Fan Hong, Zhang Pengyan, Liu Zhenqiu, Zhao Renjia, Suo Chen, Chen Xingdong, Zhang Tiejun
Department of Epidemiology, School of Public Health, Fudan University, Key Laboratory of Public Health Safety (Fudan University), Ministry of Education, Shanghai, China.
Shanghai Institute of Infectious Disease and Biosecurity, School of Public Health, Fudan University, Shanghai, China.
J Clin Transl Hepatol. 2023 Jun 28;11(3):525-533. doi: 10.14218/JCTH.2022.00214. Epub 2023 Jan 4.
Metabolic dysfunction and obesity commonly coexist with both alcoholic and nonalcoholic fatty liver disease (AFLD and NAFLD). The association of AFLD and NAFLD with incident diseases in individuals with different metabolic phenotypes are unclear.
UK Biobank study participants were screened for the presence of fatty liver at baseline. Body mass index and metabolic dysfunction were used to define metabolic phenotypes. Cox regression model was performed to examine the associations of AFLD and NAFLD with incident significant liver diseases (SLDs), cardiovascular diseases (CVDs), chronic kidney diseases (CKDs), and cancers, respectively.
A total of 43,974 AFLD and 103,248 NAFLD cases were identified. Both AFLD and NAFLD were associated with an increased risk of diseases of interest. The effects were amplified by obesity and metabolic abnormalities and modified by metabolic phenotypes. Compared to individuals free of fatty liver and with phenotype of metabolically healthy-normal weight, AFLD [hazard ratio (HR) 3.27; 95% CI: 1.95-5.47)] and NAFLD (HR 2.25; 95% CI: 1.28-3.94) cases with phenotype of metabolically obese-normal weight had the greatest risk of SLDs. For CVDs, CKDs, and cancer, the greatest risks were detected in AFLD and NAFLD cases with phenotype of metabolically obese-overweight/obesity. In this subpopulation, AFLD and NAFLD conferred a 2.75-fold (95% CI: 2.32-3.25) and 4.02-fold 95% CI: (3.64-4.43) increased risk of CVDs, 4.37-fold 95% CI: (3.38-5.64) and 6.55-fold 95% CI: (5.73-7.48) increased risk of CKDs, and 1.19-fold 95% CI: (1.08-1.27) and 1.21-fold 95% CI: (1.14-1.28) increased risk of cancers, respectively.
Metabolic phenotypes modified the association of AFLD and NAFLD with intrahepatic and extrahepatic diseases.
代谢功能障碍和肥胖通常与酒精性和非酒精性脂肪性肝病(AFLD和NAFLD)并存。AFLD和NAFLD与不同代谢表型个体的新发疾病之间的关联尚不清楚。

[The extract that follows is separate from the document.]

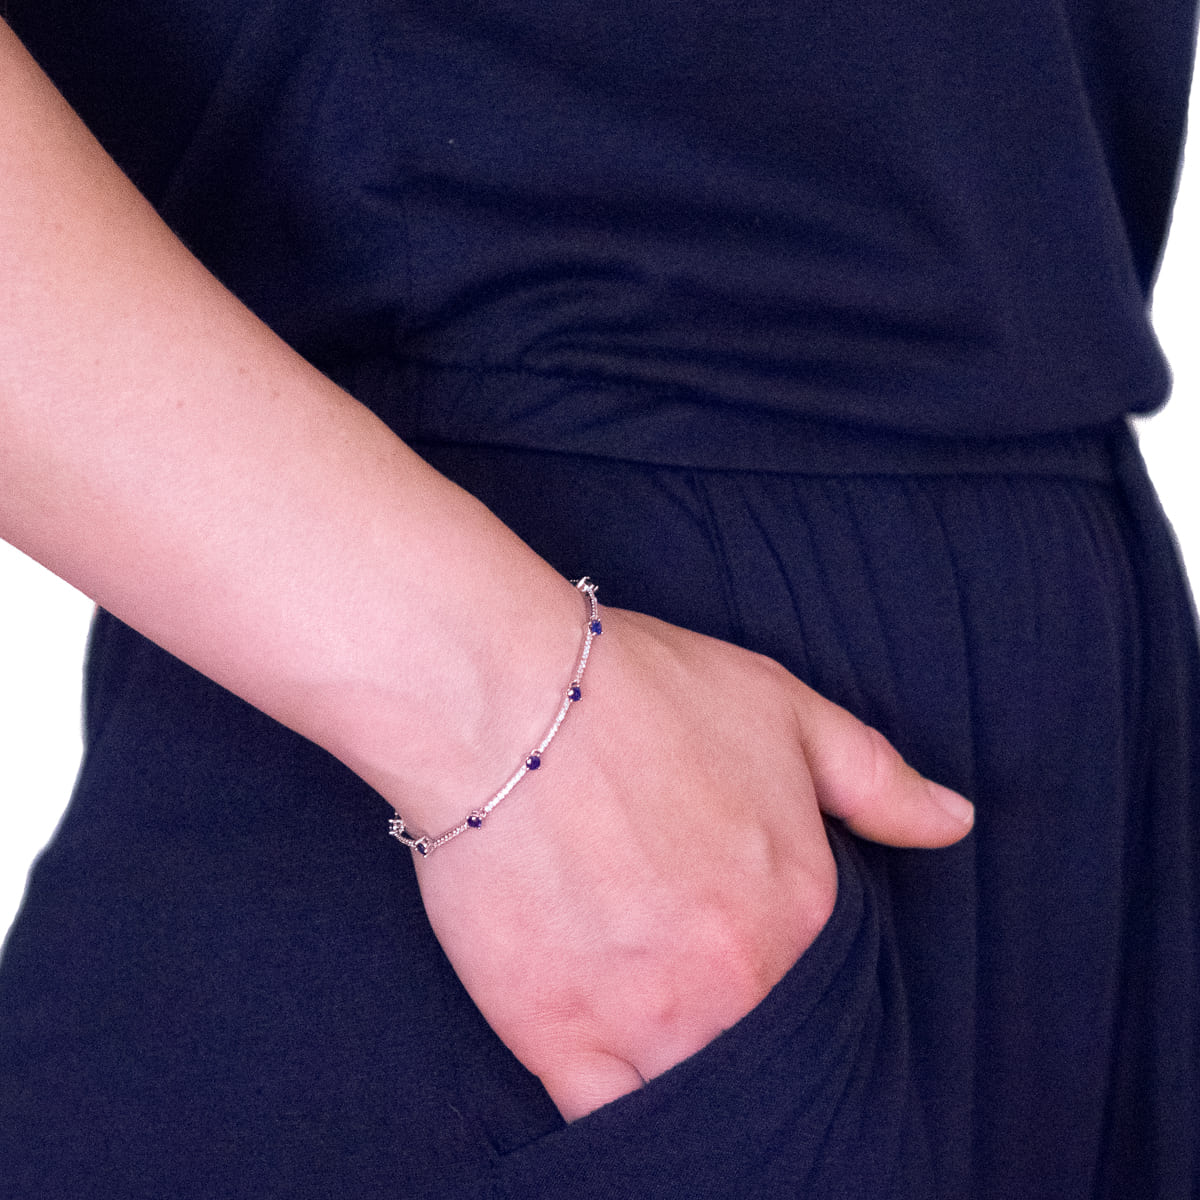 K.V. Fuchs Design Schmuck Damen Armband in silber mit Zirkonia in saphirblau, weiß »A-22-21«

对英国生物银行研究参与者在基线时进行脂肪肝筛查。采用体重指数和代谢功能障碍来定义代谢表型。分别进行Cox回归模型分析,以检验AFLD和NAFLD与新发严重肝脏疾病(SLD)、心血管疾病(CVD)、慢性肾脏疾病(CKD)和癌症之间的关联。
共识别出43974例AFLD病例和103248例NAFLD病例。AFLD和NAFLD均与所关注疾病的风险增加相关。肥胖和代谢异常会放大这种影响,且受代谢表型的影响。与无脂肪肝且代谢健康-正常体重表型的个体相比,代谢性肥胖-正常体重表型的AFLD病例[风险比(HR)3.27;95%置信区间:1.95 - 5.47]和NAFLD病例(HR 2.25;95%置信区间:1.28 - 3.94)发生SLD的风险最高。对于CVD、CKD和癌症,在代谢性肥胖-超重/肥胖表型的AFLD和NAFLD病例中检测到的风险最高。在该亚组中,AFLD和NAFLD使CVD风险分别增加2.75倍(95%置信区间:2.32 - 3.25)和4.02倍(95%置信区间:3.64 - 4.43),使CKD风险分别增加4.37倍(95%置信区间:3.38 - 5.64)和6.55倍(95%置信区间:5.73 - 7.48),使癌症风险分别增加1.19倍(95%置信区间:1.08 - 1.27)和1.21倍(95%置信区间:1.14 - 1.28)。
代谢表型改变了AFLD和NAFLD与肝内和肝外疾病之间的关联。